- Requirement -
Once the images are removed, set down everything else in the listing below exactly.

- Data segment -
────────────────
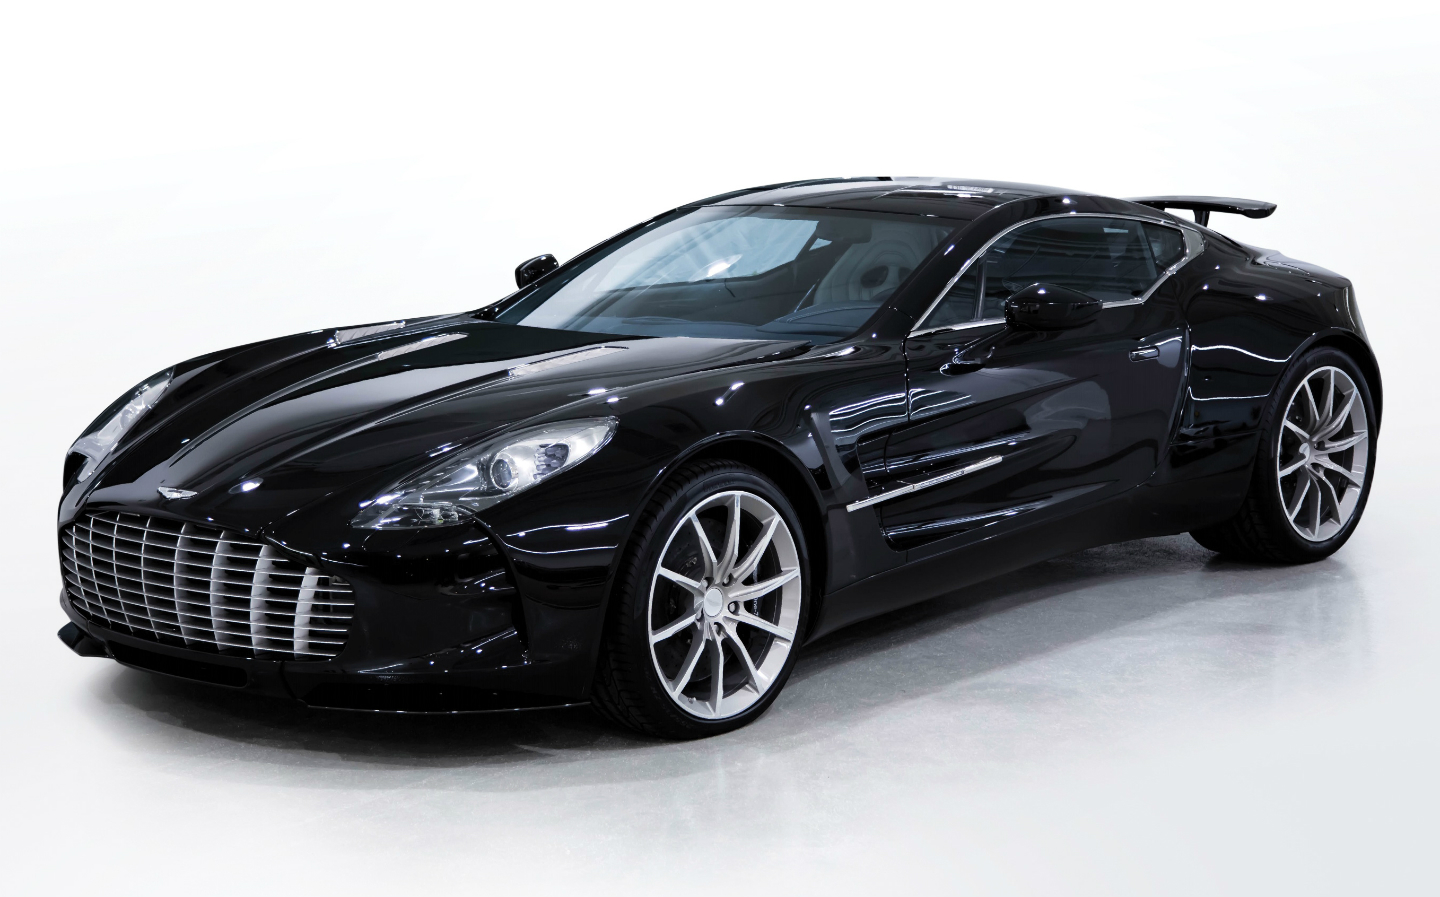 Want To Save The Planet? Buy A £1.6M, 750Bhp Aston Martin One-77 Hypercar
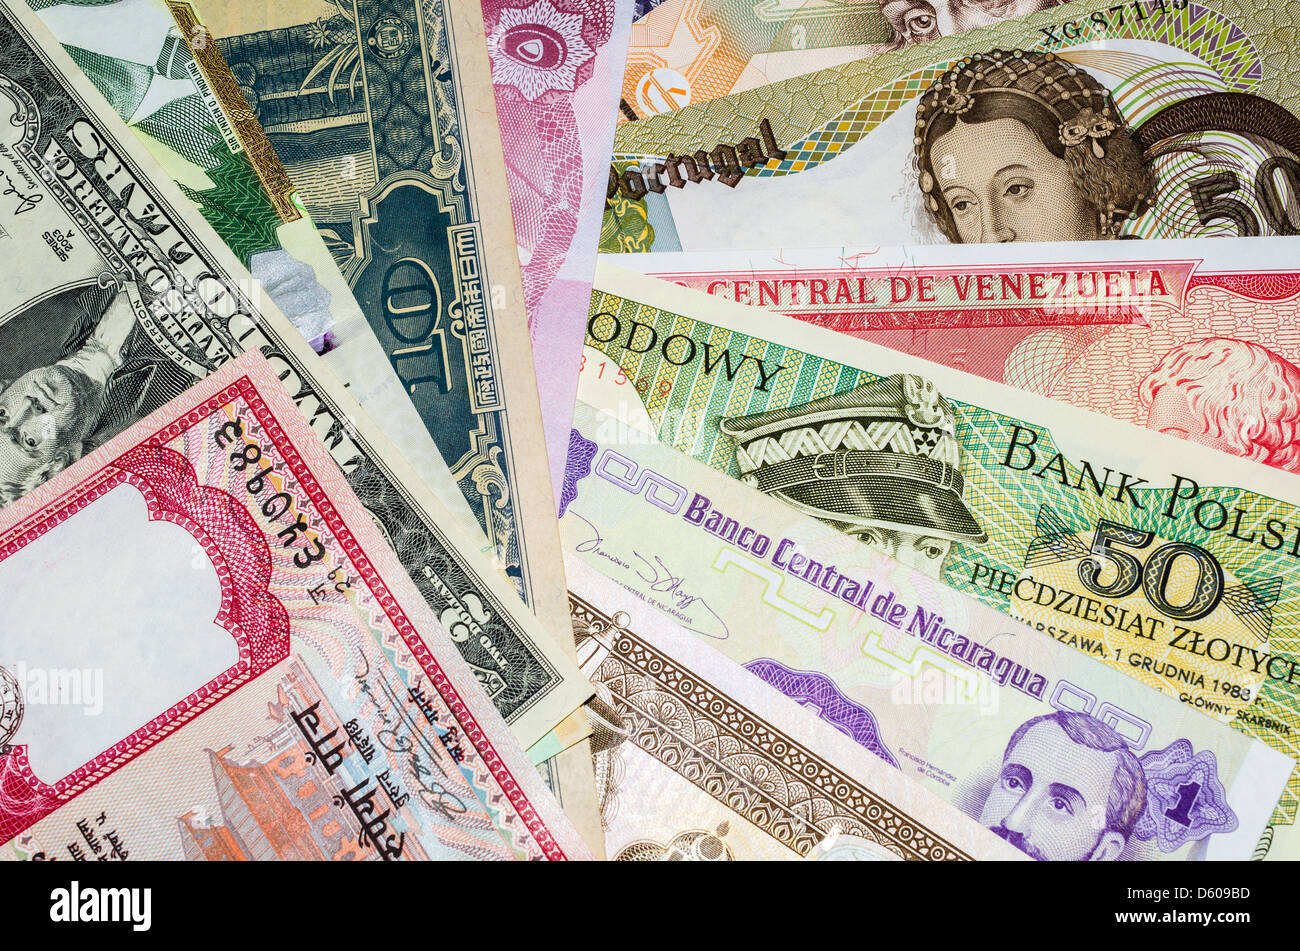 International currency with banknotes from different world countries. Stock Photo
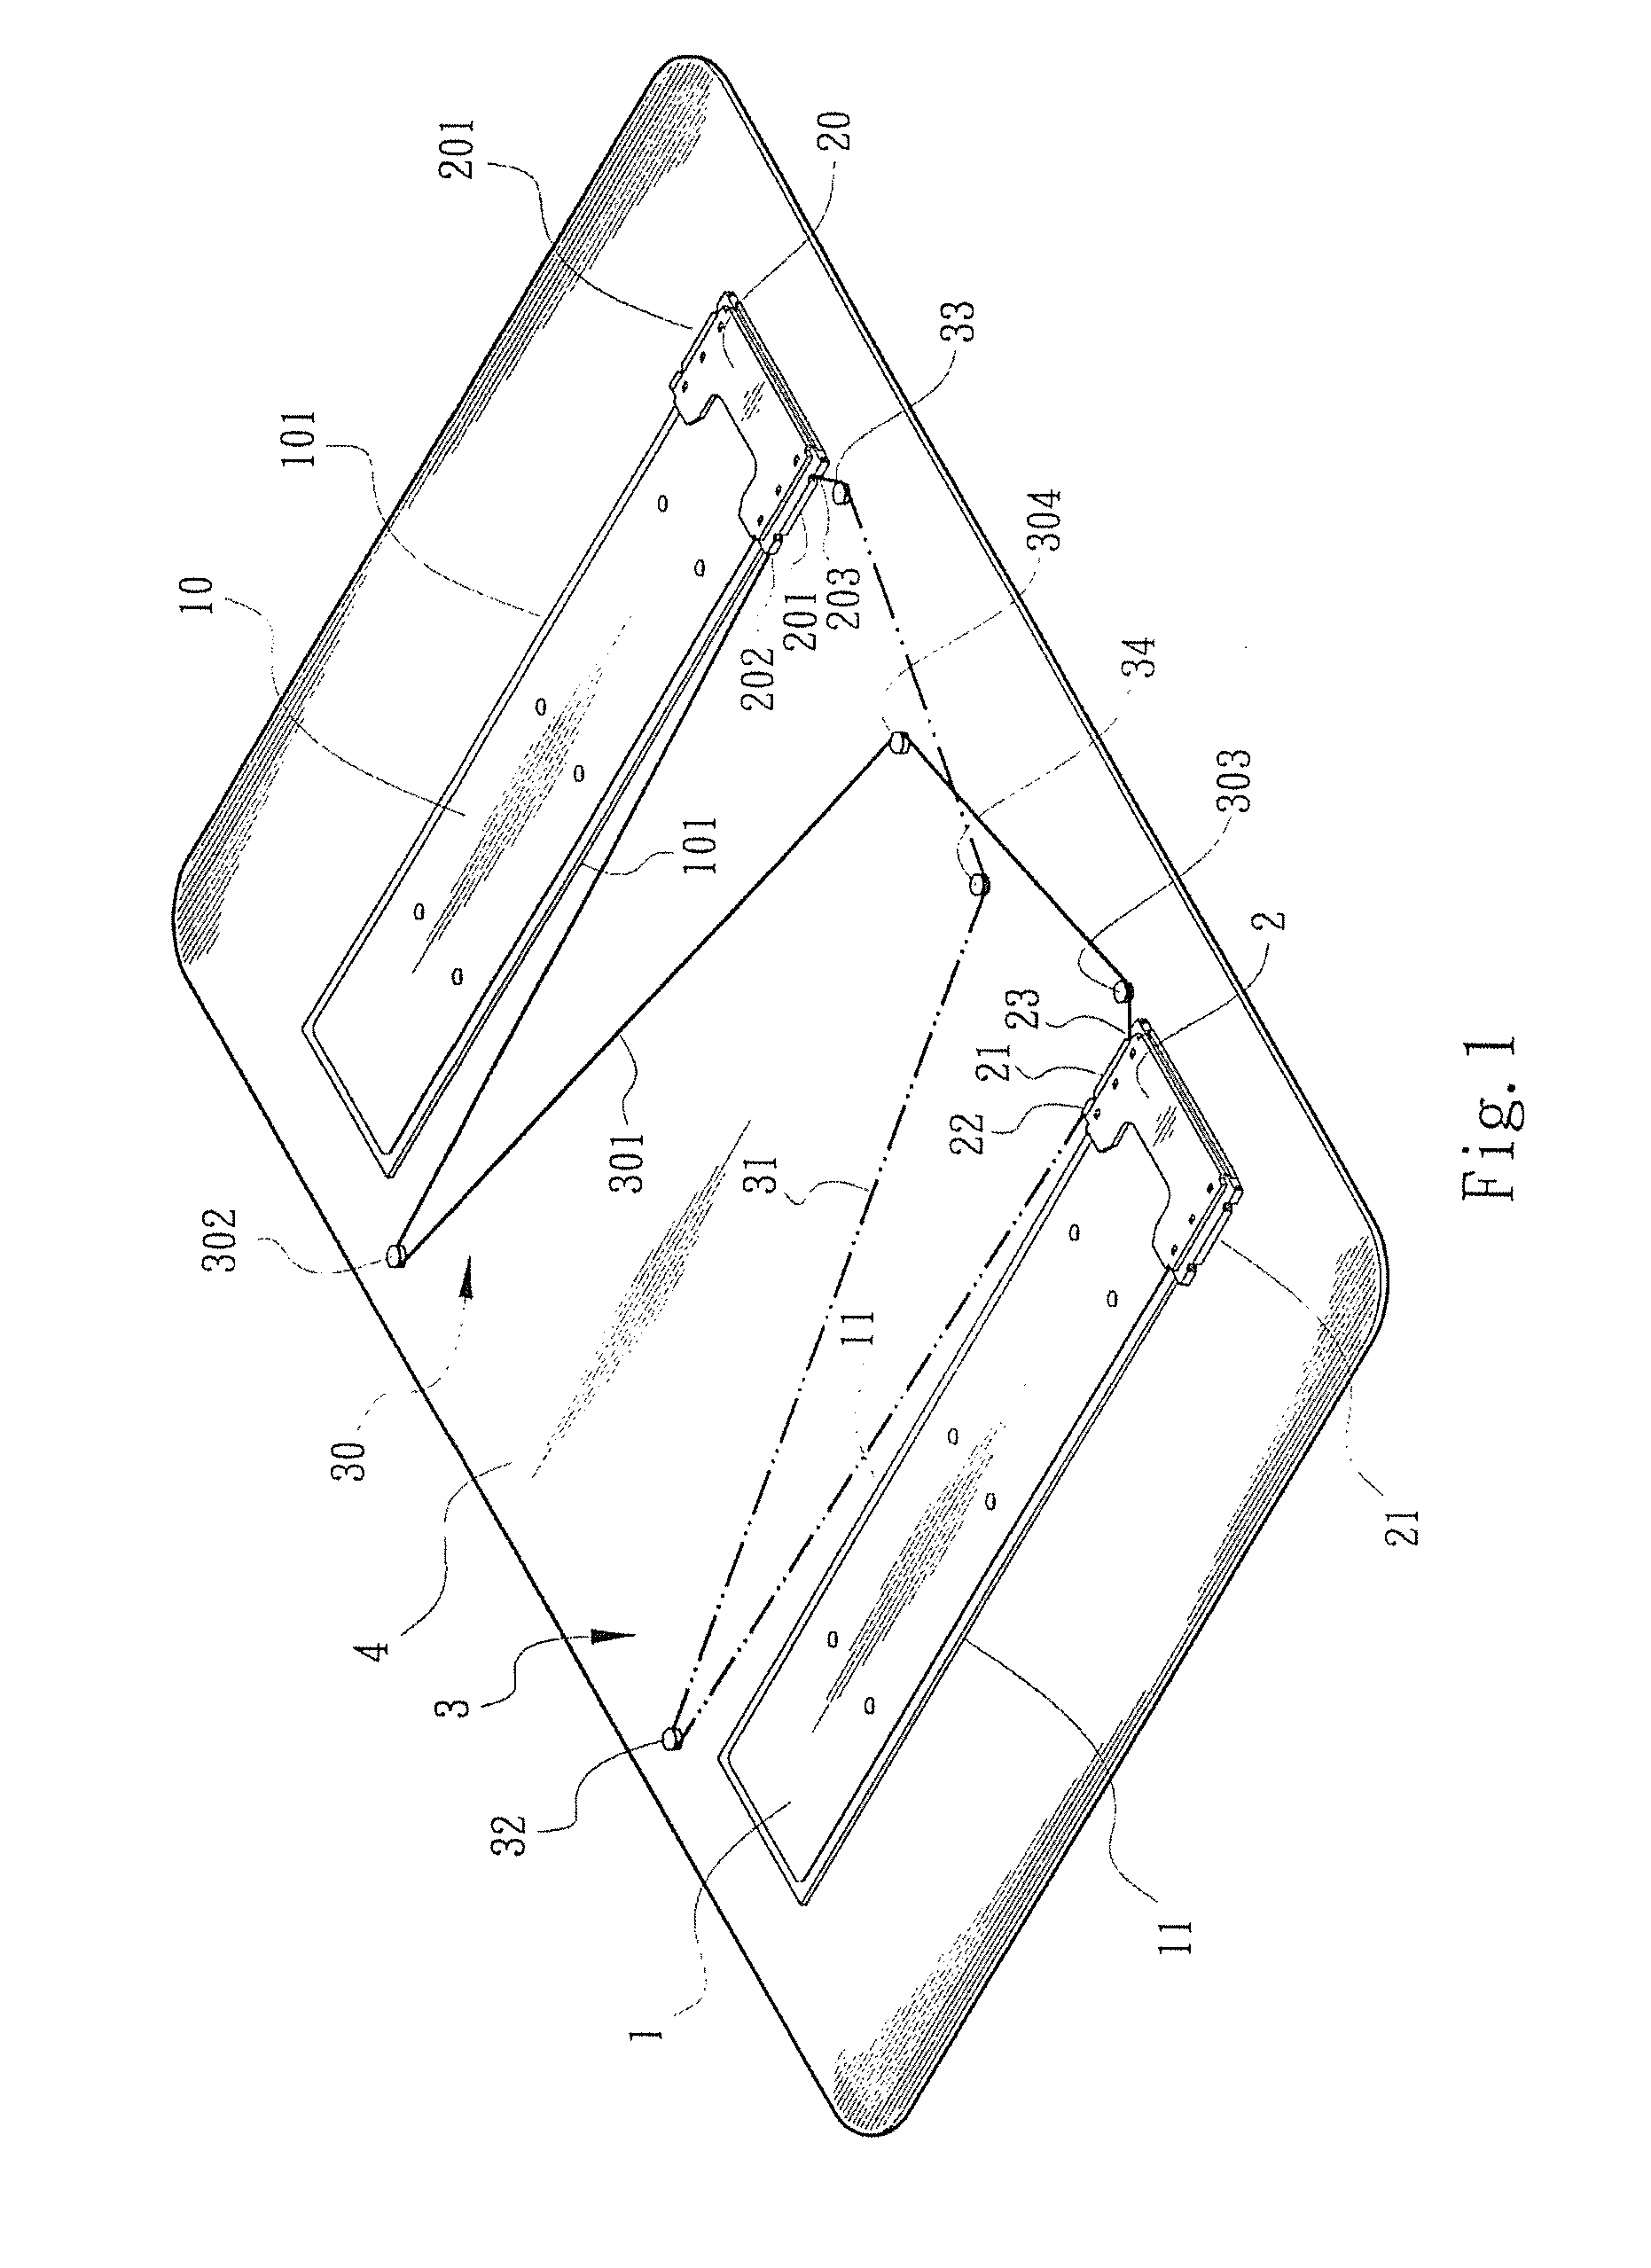 Synchronous pull device for slide cover mechanism
────────────────
- Output -
 Want To Save The Planet? Buy A £1.6M, 750Bhp Aston Martin One-77 Hypercar
 International currency with banknotes from different world countries. Stock Photo
 Synchronous pull device for slide cover mechanism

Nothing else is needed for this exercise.